Они взошли на мост. Это был путь д’Артаньяна, потому что и он направлялся в Лувр. Д’Артаньян последовал за ними.

Он не прошёл и двадцати шагов, как был совершенно убеждён, что женщина эта – госпожа Бонасье, а мужчина – Арамис.

В ту же минуту он почувствовал в сердце укол ревности.

Ему изменили и друг, и та, которую он уже обожал как возлюбленную. Госпожа Бонасье божилась ему, что не знает Арамиса, а четверть часа спустя после этих клятв он встречает её под руку с ним.

Д’Артаньян и не подумал, что знает хорошенькую галантерейщицу не более трех часов, что она не обязана ему ничем, кроме благодарности за защиту от людей в чёрном, и что она ему ничего не обещала. Он считал себя оскорблённым, обманутым, осмеянным любовником. Кровь и гнев залили ему лицо, он решил всё выяснить немедленно.

Молодая женщина и её спутник заметили, что их преследуют, и ускорили шаг. Д’Артаньян пустился бежать, обогнал их, потом развернулся к ним лицом, когда они поравнялись с изваянием «Самаритянки», освещённой фонарём, проливавшим свет на эту часть моста.

Д’Артаньян остановился перед ними, они были вынуждены тоже остановиться.



– Что вам угодно, сударь? – спросил мушкетёр, отступая на шаг и произнося эти слова с иностранным акцентом, доказавшим д’Артаньяну, что в одной части своих предположений он ошибся.

– Это не Арамис! – воскликнул он.

– Нет, сударь, это не Арамис, и по вашему восклицанию я вижу, что вы меня приняли за другого, и прощаю вас.

– Вы меня прощаете! – вскричал д’Артаньян.

– Да, – сказал иностранец, – дайте же мне пройти, раз я вам не нужен.

– Вы правы, сударь, – сказал д’Артаньян, – не вы мне нужны, а эта дама.

– Эта дама! Вы её не знаете, – сказал иностранец.

– Вы ошибаетесь, сударь, я её знаю.

– Ах, – сказала госпожа Бонасье с упрёком, – я поверила вашему слову солдата и дворянина и думала, что могу на него положиться.

– А вы, сударыня, – сказал д’Артаньян, смешавшись, – вы мне обещали…

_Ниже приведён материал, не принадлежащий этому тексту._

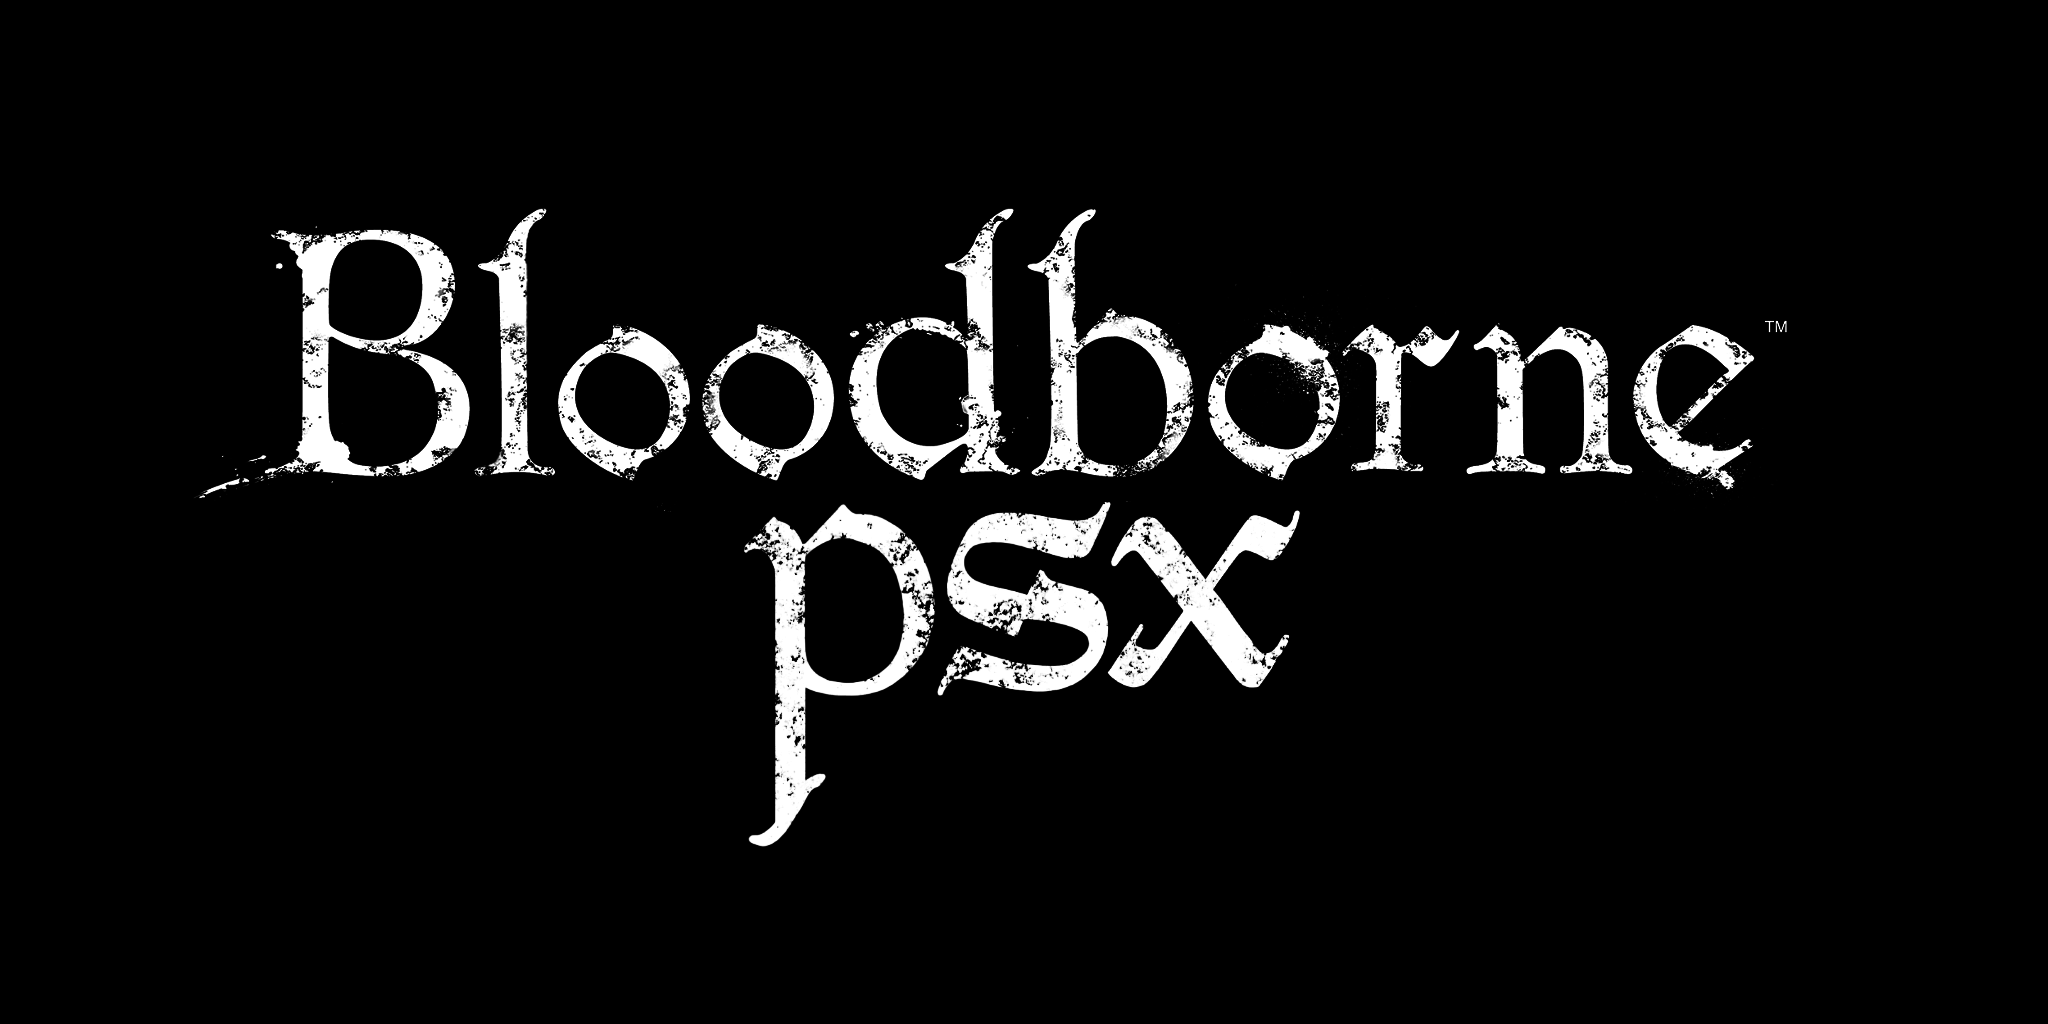 BloodbornePSX

– Возьмите мою руку, сударыня, – сказал иностранец, – и идёмте.

Д’Артаньян, поражённый, убитый, уничтоженный всем тем, что с ним случилось, стоял скрестив руки перед мушкетёром и госпожой Бонасье.

Мушкетёр сделал два шага вперёд и отстранил д’Артаньяна рукою.

Д’Артаньян отскочил и вынул шпагу. В то же время с быстротою молнии иностранец вынул свою.

– Ради бога, милорд! – вскричала госпожа Бонасье, бросаясь между противниками и хватая их шпаги обеими руками.

– Милорд! – вскричал д’Артаньян, у которого вдруг блеснула мысль. – Милорд! Простите, сударь, вы не…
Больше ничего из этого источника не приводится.